Быть может, и мне следовало включиться в этот иллюзорный поток жизни, стремительно проносящийся мимо меня? Как я жалела, что не могу жить так же просто и легко, как многие мои знакомые, просто плыть по течению, жить сегодняшним днем. Даже сутенерша Мадлена, несмотря на сложный невроз, была куда счастливее меня. И я решила сделать первый шаг к новой жизни – уверила пациентку, что буду счастлива стать гостьей ее салона и познакомиться с Симоной де Бовуар. Мне пора было выйти в свет, я давно уже нигде не бывала.
Но вечер у Мадлен предварился обедом с матерью.
C тех пор как она, вернувшись в Париж, с удивлением обнаружила, что отель «Ритц» реквизирован немцами, ее апартаменты с видом на Вандомскую площадь заняты каким-то генералом, а мебель и вещи вынесены в какую-то кладовую; с тех пор как она поселилась в двух скромных комнатах, выходивших окнами на улицу Камбон; с тех пор как она закрыла Дом моделей – ей больше нравилось вести замкнутый образ жизни.
– Знаешь, Вороненок, в душе я так и осталась диковатой девочкой из провинции, воспитанной при монастыре… В сущности, мне всегда достаточно было скромной кельи с белеными стенами и старого сада за окном, а весь этот блеск и мишура – не для меня.
Эти слова прозвучали особенно смешно в обеденном зале ресторана «Максим», отличавшегося кричащей роскошью.
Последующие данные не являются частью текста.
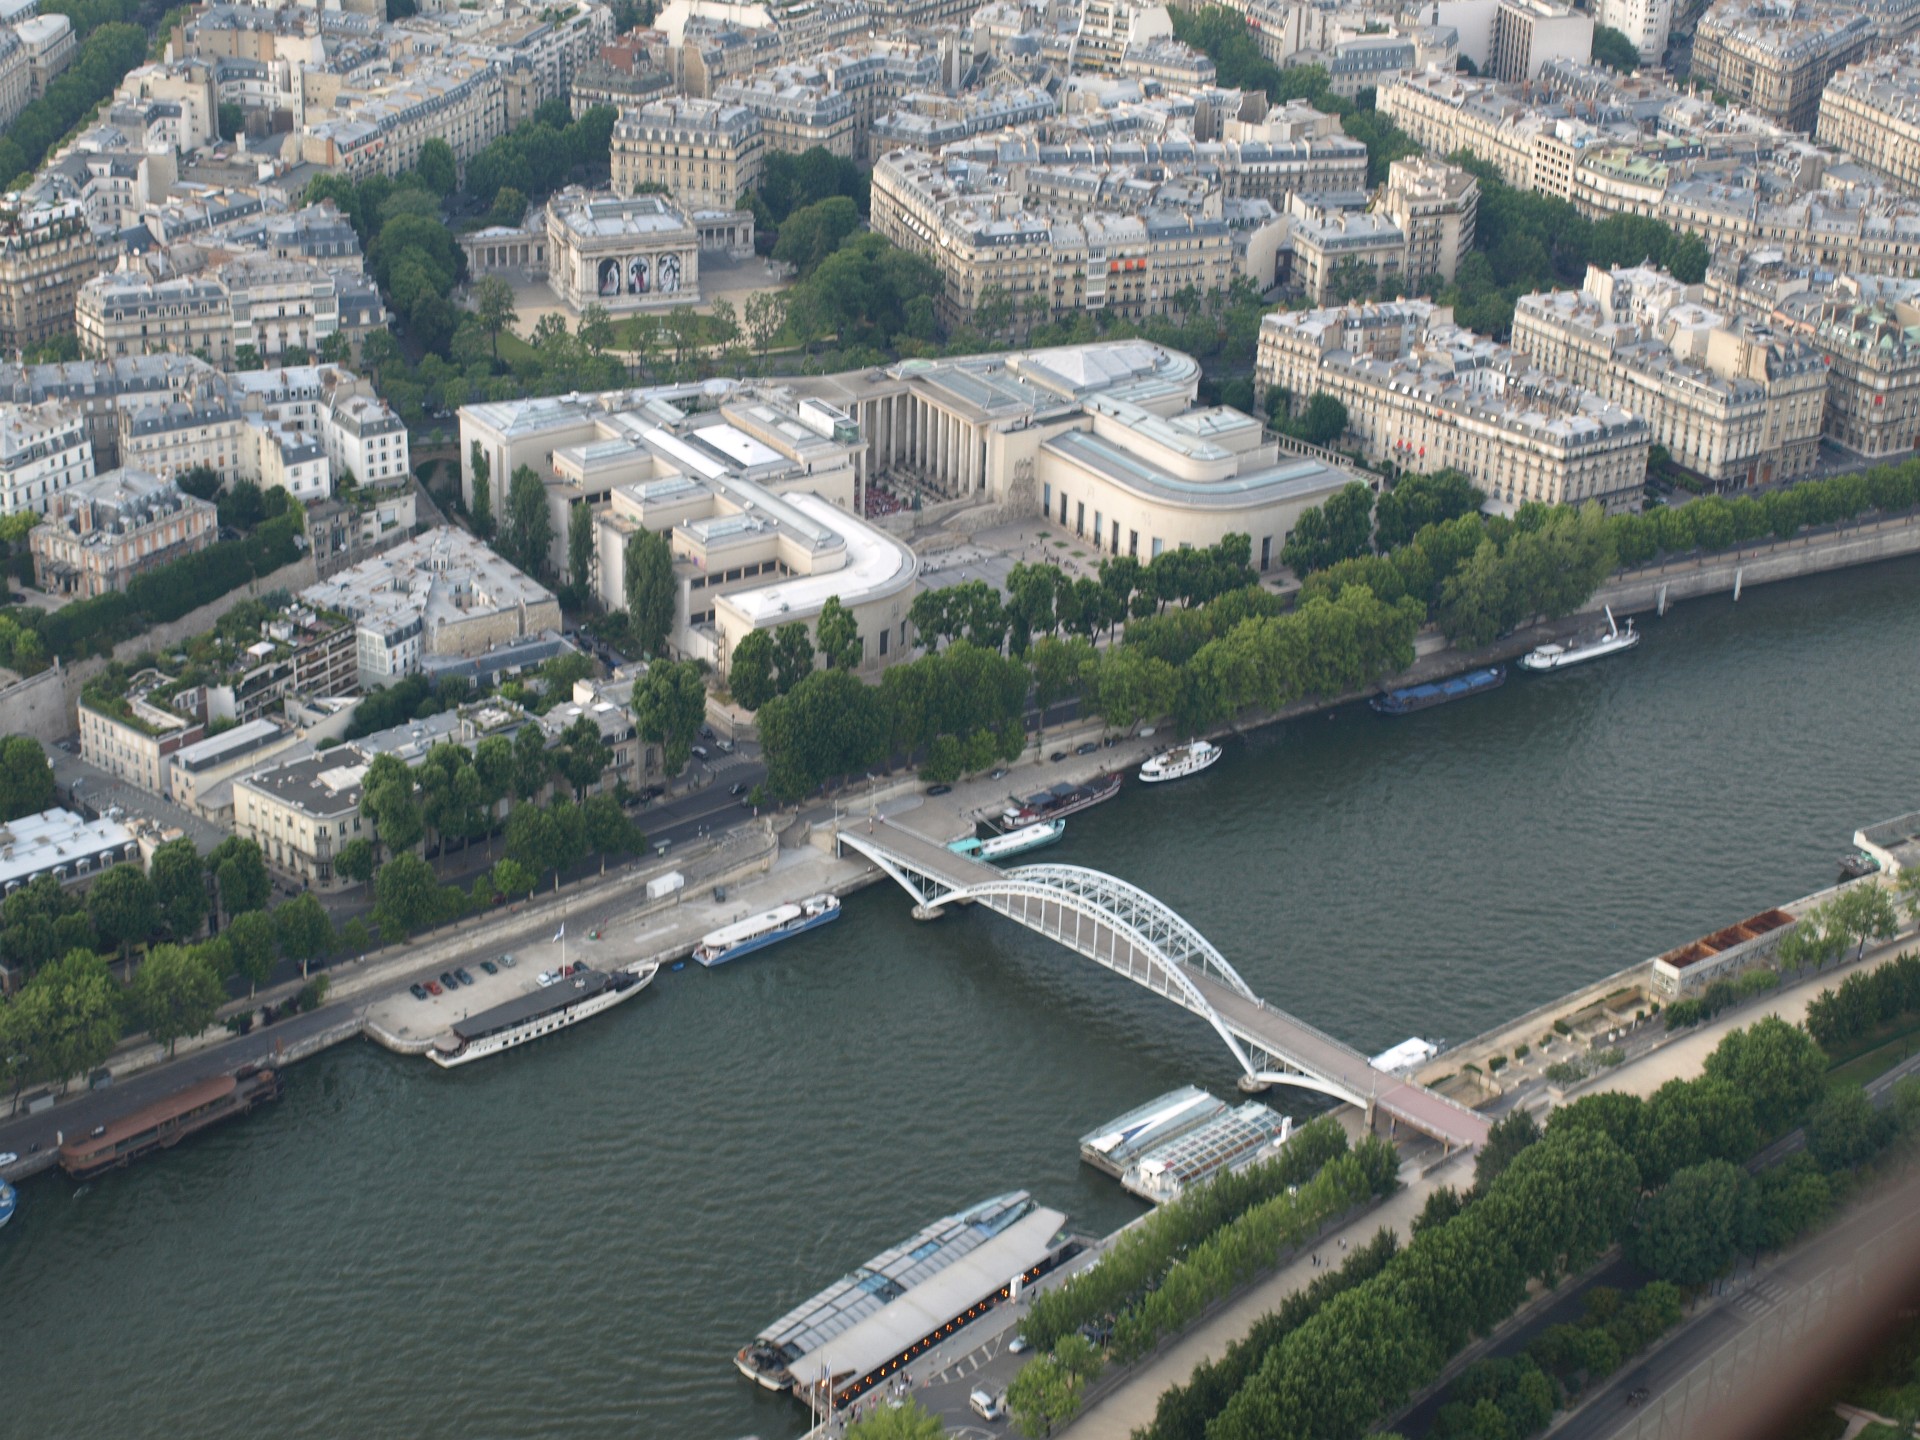 Looking Down on the Seine From the Third Floor of the Tower

Я улыбнулась, но Шанель и бровью не повела. Если она бралась играть роль, то играла ее до конца.
– Да, да, я теперь живу как монахиня. Начала много читать. Жаль, что ты не заехала вчера. Мы очень мило провели время. Я прилегла на кушетку, а Серж читал мне вслух «Алую букву» Готорна.
– Мама, монахини не бывают в Гранд-опера. Их не посещают скандально известные писатели и поэты, вроде Кокто и Реверди. И балетные танцовщики не читают им вслух.
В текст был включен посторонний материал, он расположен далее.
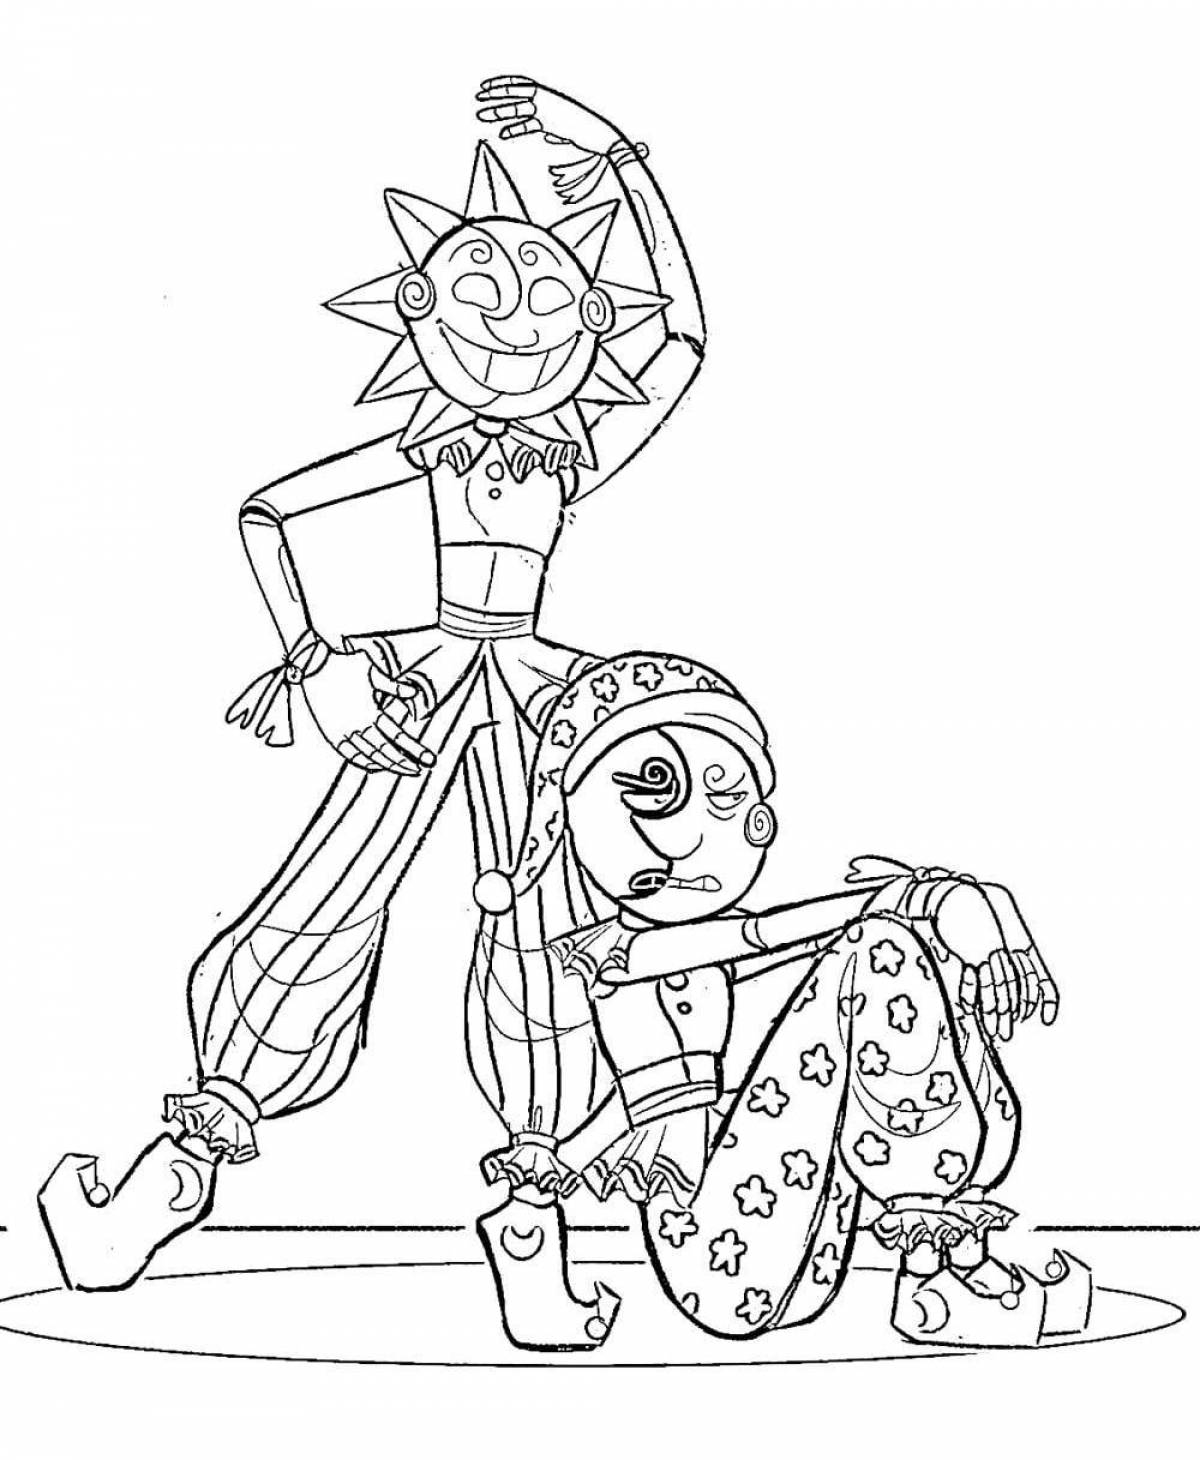 Radiant coloring page moondrop and sanddrop

Говоря это, я вспомнила сестру Мари-Анж. Вспомнила ее усталое лицо и натруженные руки. Ее крошечную келью, заваленную книгами по садоводству, и узкую кровать, накрытую грубым шерстяным одеялом.
– Знаешь, одна моя знакомая монахиня из развлечений признавала только пение. Она говорила, что петь – лучший отдых, чем спать.
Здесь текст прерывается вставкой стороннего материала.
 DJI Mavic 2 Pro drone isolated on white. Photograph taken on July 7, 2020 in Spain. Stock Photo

– Это, наверное, твоя знаменитая Мари-Анж? А знаешь, она права. Вот и я стала учиться пению. Беру уроки, да-да.
– Ты?
Вот это было и в самом деле забавно! Как-то в минуту откровенности мать рассказала мне, чем она занималась до того, как стать великой Мадемуазель. Пела в кабачке! Она преподнесла это как величайший секрет, хотя это был секрет Полишинеля, о котором знал весь мир. Сорок лет назад в Виши ее постигла неудача в амплуа певицы. Ни ее голос, довольно слабый, ни ее фигура, довольно тщедушная, не произвели впечатления на директоров увеселительных заведений, и ей пришлось до окончания сезона разливать целебную воду в павильоне «Гранд Гриль». И вот теперь она разучивает арии для бельканто из Верди, Пуччини и Массне!
Шанель рассказывала еще что-то о своих успехах в пении, но я погрузилась в свои мысли и почти не слышала ее, кроша трезубой вилочкой лимонную меренгу. Только когда мать смолкла, я подняла на нее глаза.
Она улыбалась. Улыбалась своей фирменной улыбкой, прославившей ее как писаную красавицу. Эта улыбка была еле заметным движением лицевых мускулов, но она освещала все ее лицо, приподнимала скулы, заставляла глаза блестеть, а губы гореть так, словно их только что целовали.